Baroness Whitaker
Main Page: Baroness Whitaker (Labour - Life peer)Department Debates - View all Baroness Whitaker's debates with the Home Office
(13 years, 9 months ago)
Lords ChamberI should remind the noble Lord that I do not consider £1.4 billion in the regional growth fund to be insignificant. Noble Lords may well feel—and they clearly do—that it is better that the taxpayer should fund large redistributions through RDAs, but there may be other ways in which economic policy can be directed, as my noble friend Lady Harris of Richmond mentioned. She talked about tax incentives. Far be it for me, as a very lowly member of the Government, to challenge the Treasury on tax incentives, but there are different ways of doing these things other than handing out taxpayers’ largesse. I emphasise that that is the way in which this Government are thinking.
Perhaps if I talk about the north-east, I might be steering into danger. I am not too frightened of doing so because we should recognise that the north-east does not have a single monolithic economy. The region has a varied economic geography, with significant economic poles, across the Rivers Tyne and Wear and the River Tees. Each place has a different industrial heritage and different strengths, opportunities and threats. The local authorities in Tees Valley have a strong track record in working together and were quick to put forward an application to form a local enterprise partnership. This argues that they recognise the benefits of these new arrangements. A partnership has now been established, covering the authorities in the rest of the region. As Vince Cable has made clear, this is not to say that some form of co-operative arrangement across the north-east is not justified if local partners want it. I said that at Second Reading and I have just said it again. However, I strongly question whether a regional development agency, with all its attendant complexity and bureaucracy, is necessary to achieve this.

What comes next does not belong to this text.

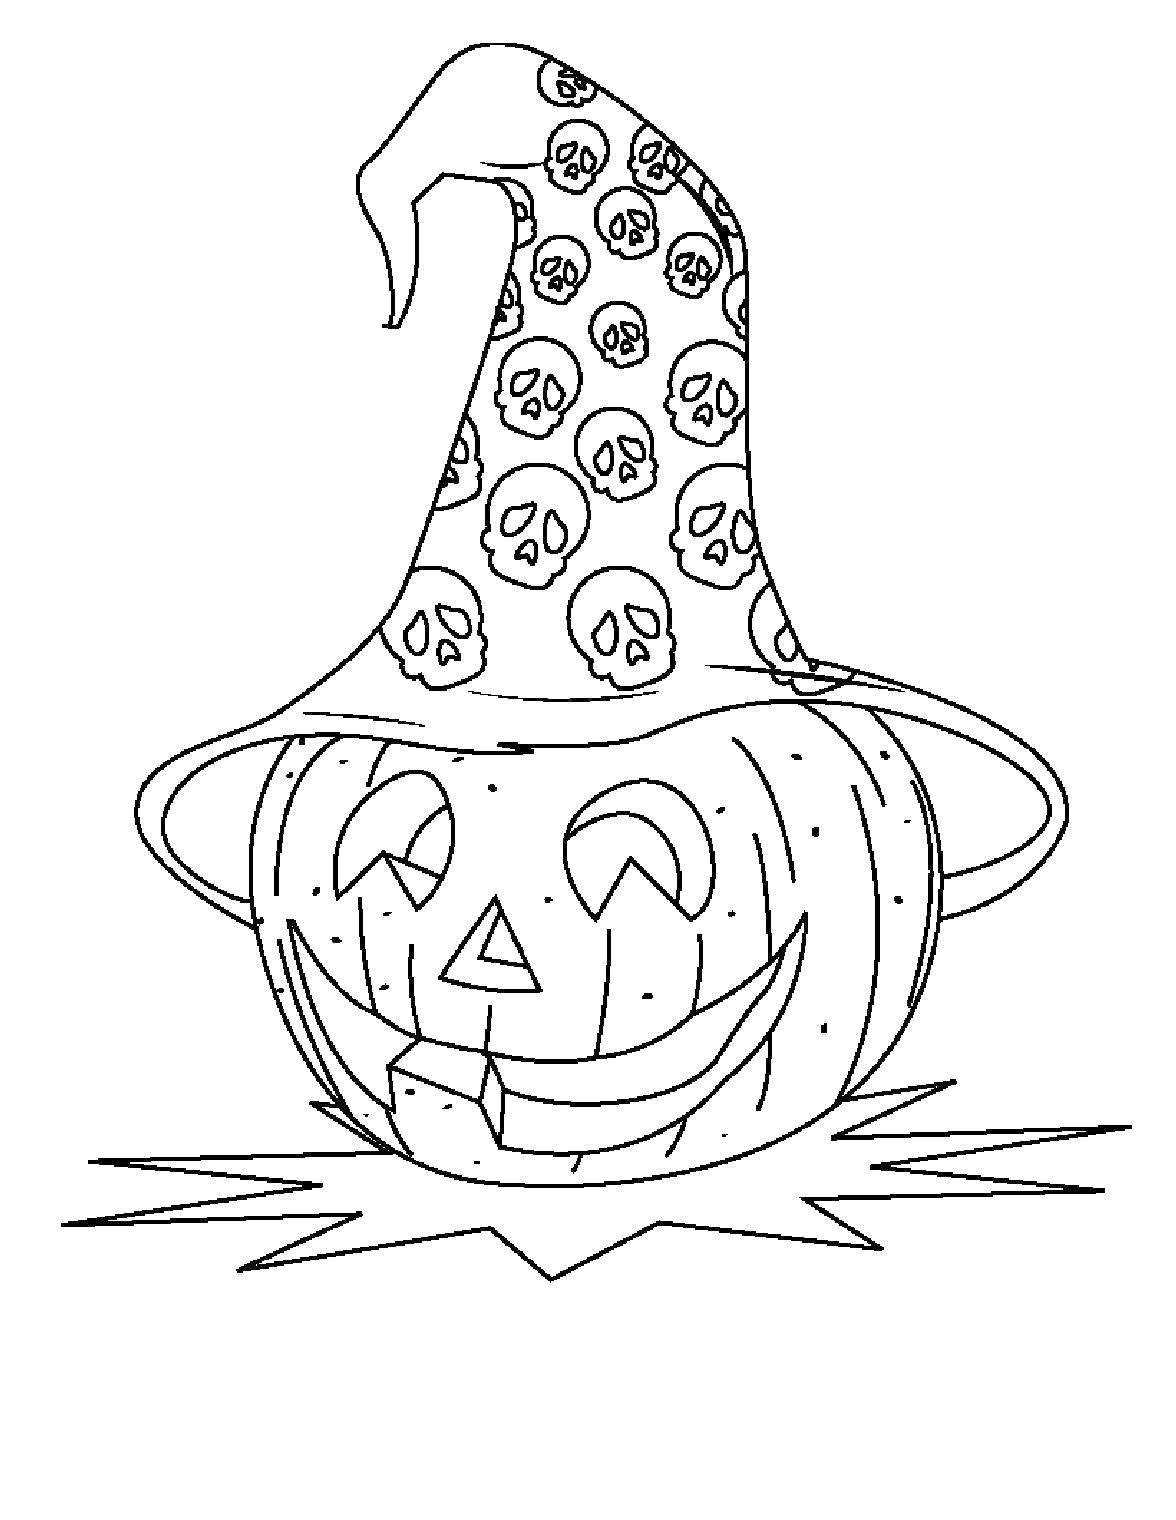 Название: Раскраска Тыква в шляпе ведьмы. Категория: тыква на хэллоуин. Теги: Хэллоуин, тыква.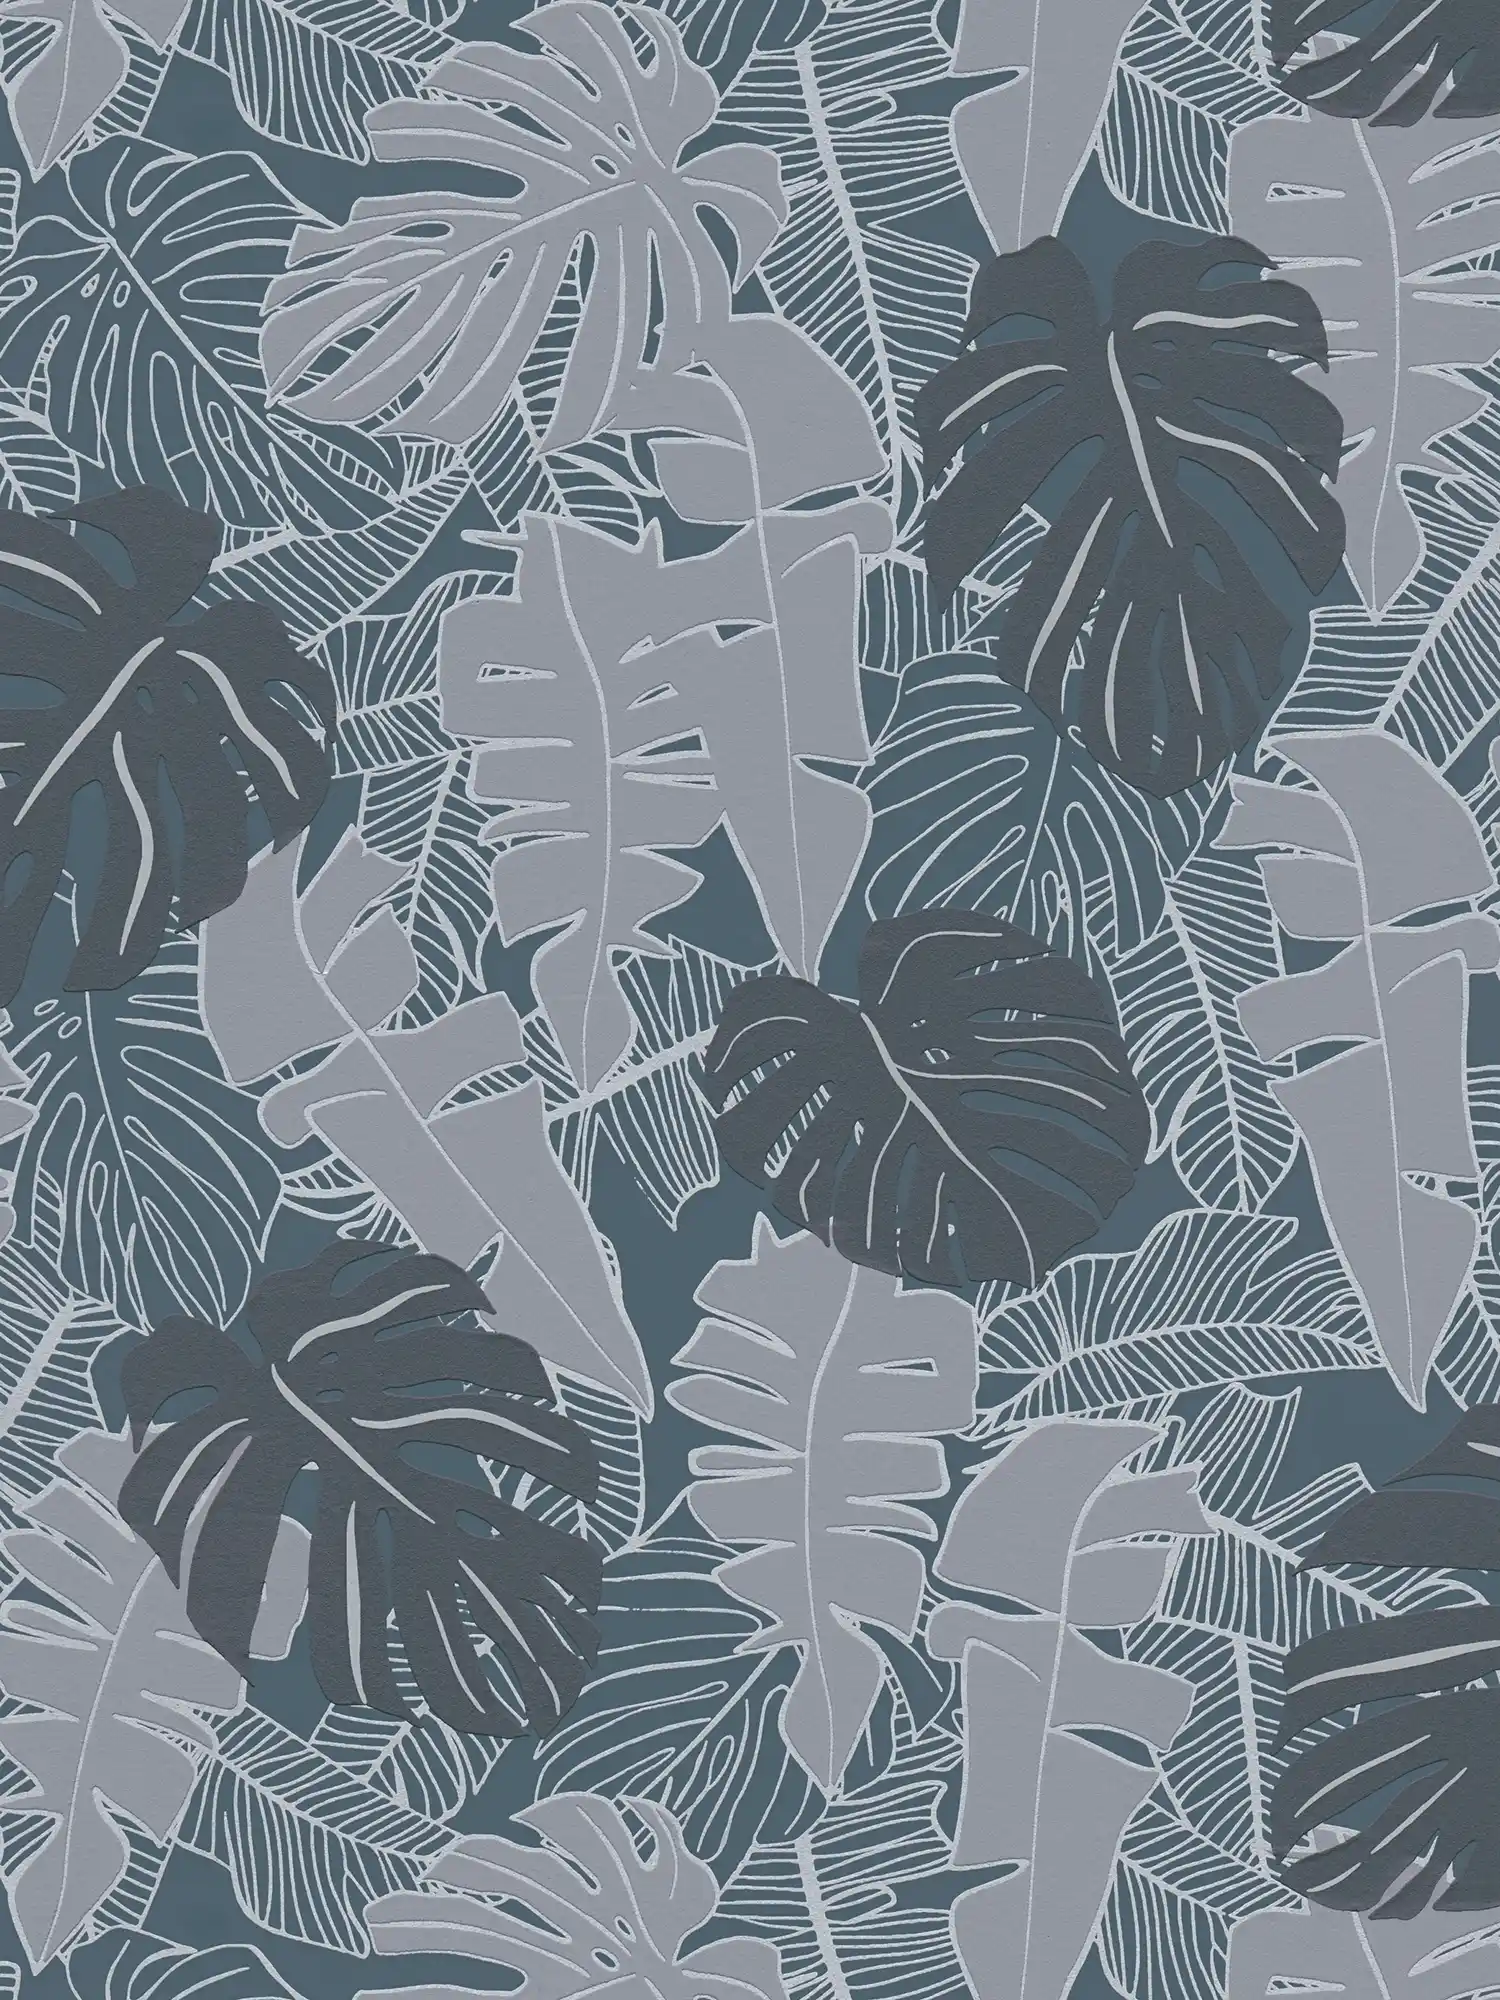 Jungle pattern wallpaper with banana leaves & metallic effect - black, grey

The previous Government gave RDAs the task of narrowing the gap in growth rates between the prosperous region of the greater south-east and the rest of England, and provided them with significant resources over a sustained period to help them achieve this. However, it was a target that they failed to meet. Between 1990 and 1999, the real gross value added per head in the greater south-east grew by around 1.8 per cent in each year, compared with around 1.4 per cent in the other six regions—a gap of 0.4 of a percentage point. Between 1999 and 2009, annual growth in the greater south-east fell to 1.4 per cent, compared to 0.8 per cent in the other regions—a gap of 0.6 of a percentage point. Therefore, the gap in growth rates has widened by around 0.2 of a percentage point. It is time to try a new policy, even in the north-east.
As the White Paper makes clear, we are encouraging businesses, local authorities and their partners to develop local enterprise partnerships based on real economic areas, rather than artificial administrative regions. The new partnerships are based on where people live and work. Businesses and civic leaders will work together to drive sustainable economic growth and create the conditions for private sector job growth in their communities. Partners have responded to this invitation in an enthusiastic and innovative way. So far, 31 partnerships have been asked to form boards, covering 87 per cent of England’s population and a similar proportion of businesses. We are actively engaged with partners in the remaining areas, helping them to develop proposals that will meet our broad criteria.
I reassure the noble Lord, Lord McKenzie of Luton, that five LEPs have been asked to establish their bases in areas that cover the east of England. I assure the noble Lord that there will be partnerships covering the entire region. There will be no businesses or parts of the population that are not covered by an LEP.
What the noble Lord has to say about LEPs does not exactly fit the situation of Newhaven, where the LEP is just wrong for it.